Ein bloßes Wiederholen von Begriffen höhlt sie aus. Worthülsen aber taugen nicht als Argumente
(lat.: Beweismittel). Mit ihnen lässt sich kaum wirklich kommunizieren, also "gemeinschaftlich
etwas tun und mitteilen".

Gibt es für eine Entscheidung tatsächlich keine Alternativen, dann besteht keine Wahl, dann aber
erübrigen sich die Diskussion und eben auch die Diskutierenden, hier die Politiker. Zu diesem
konsequenten Schluss kommt ein Kommentator auf www.neusprech.org.
Dann ließe sich – führt man den Gedanken weiter – auf Rhetorik als Demokratie bildendes Element
verzichten.

Was also macht die "Solidarität", das Zusammengehörigkeitsgefühl, der Gemeinsinn in Europa aus?

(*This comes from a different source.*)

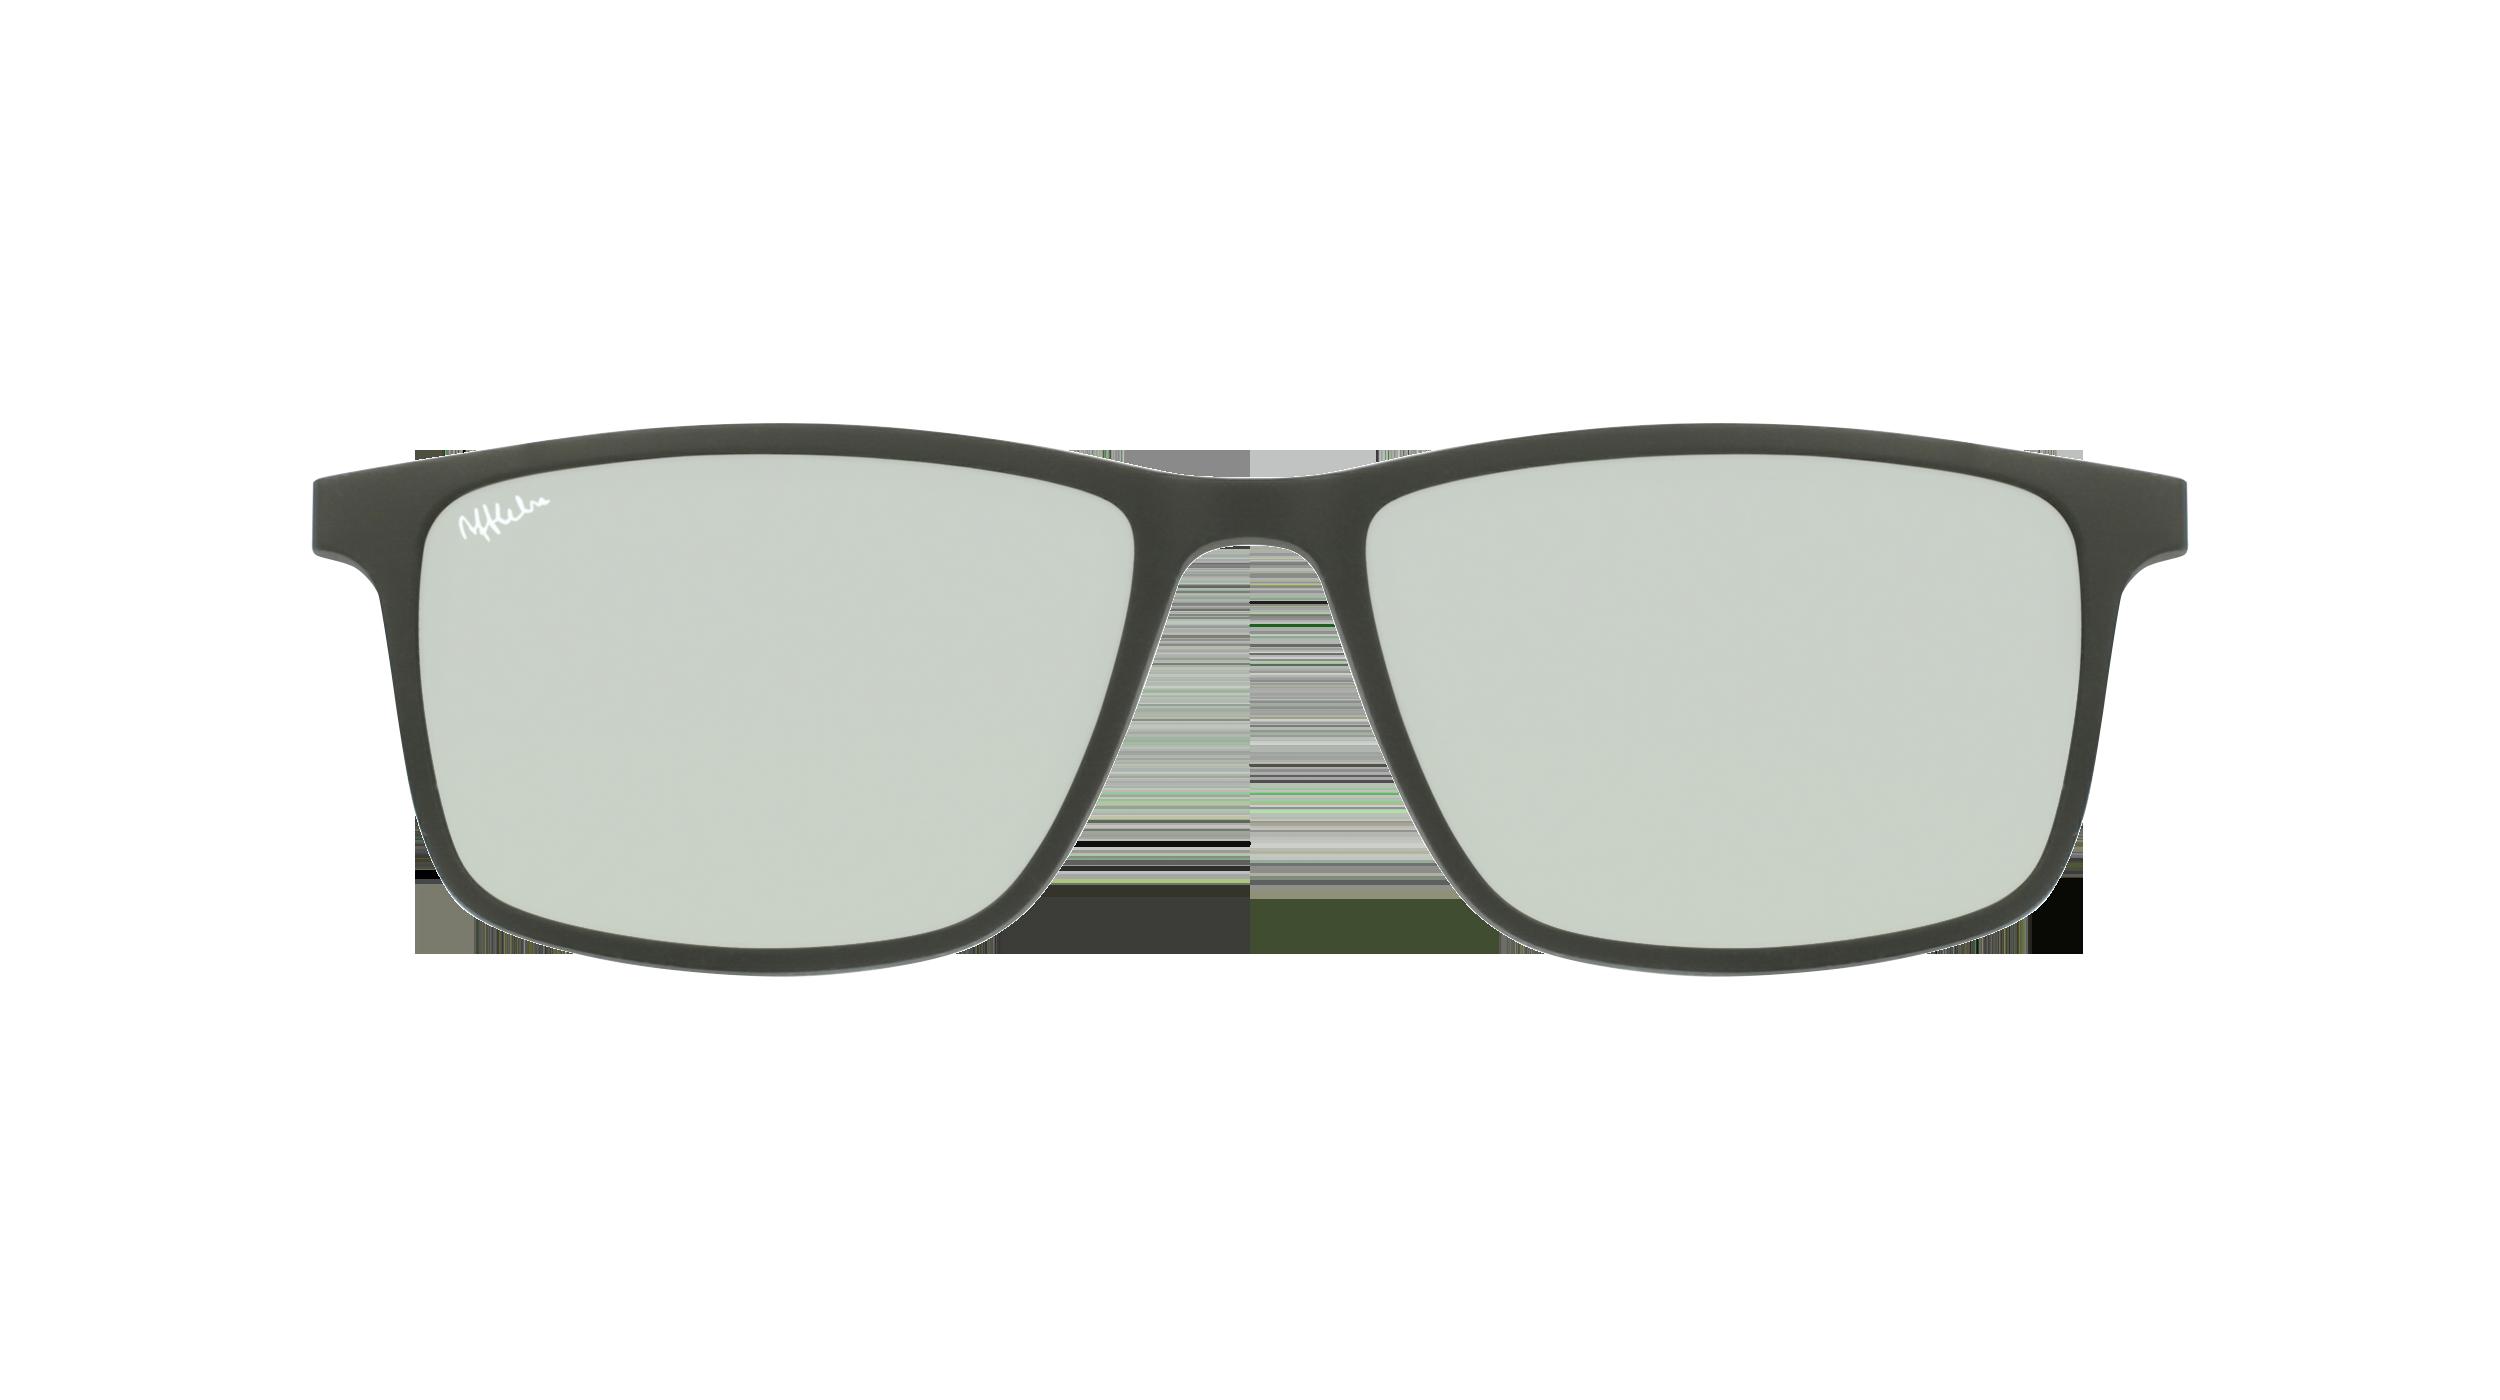 afflelou/france/products/smart_clip/clips_glasses/07630036457122.png

Wie verträgt sich diese "Brüssler Solidarität" mit dem - der gleichen lateinischen Wortwurzel
entstammenden - Begriff der Solidität, also der Zuverlässigkeit und der Mäßigkeit?

Und was hat das dann mit der "Stabilität", der Beständigkeit und Dauerhaftigkeit des Euro zu tun,
den der Einzelne mit seinen Steuern zu stützen hat - alternativlos?